- [TO DO]: Your job is to retype all of the data word for word, leaving every image out.

━━ DATA FOR PROCESSING

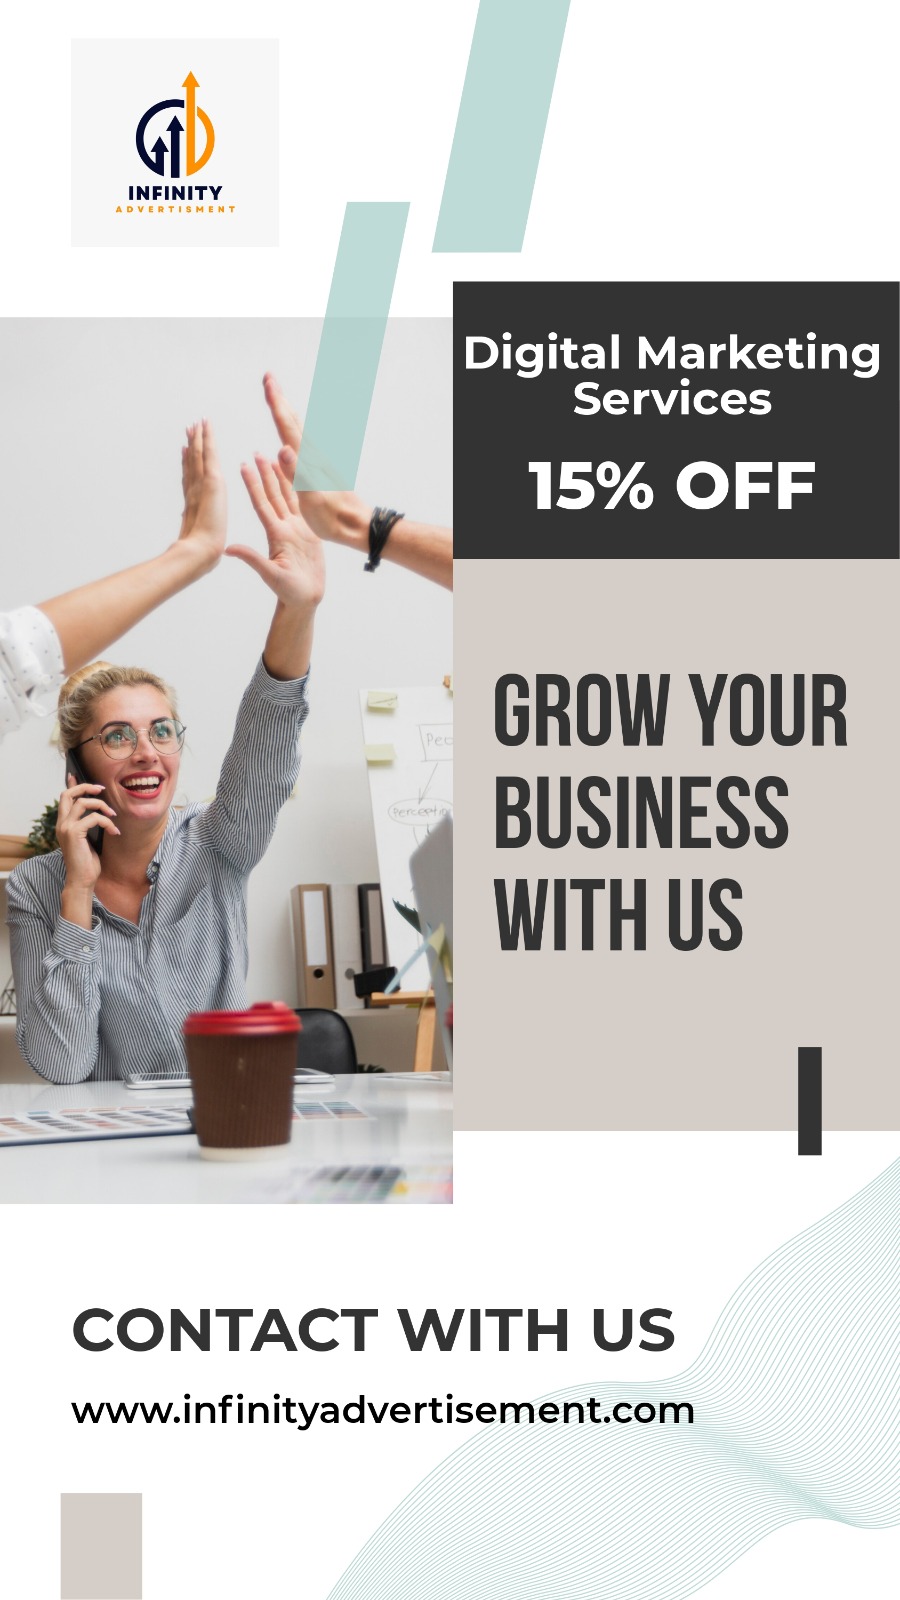 INFINITY

Digital Marketing
Services

15% OFF

  
 

~ GROW YOUR
BUSINESS
WITH US

roy

CONTACT WITH US

www.infinityadvertisement.com

━━━━

- [ANSWER SPACE]:
 INFINITY

Digital Marketing
Services

15% OFF

  
 

~ GROW YOUR
BUSINESS
WITH US

roy

CONTACT WITH US

www.infinityadvertisement.com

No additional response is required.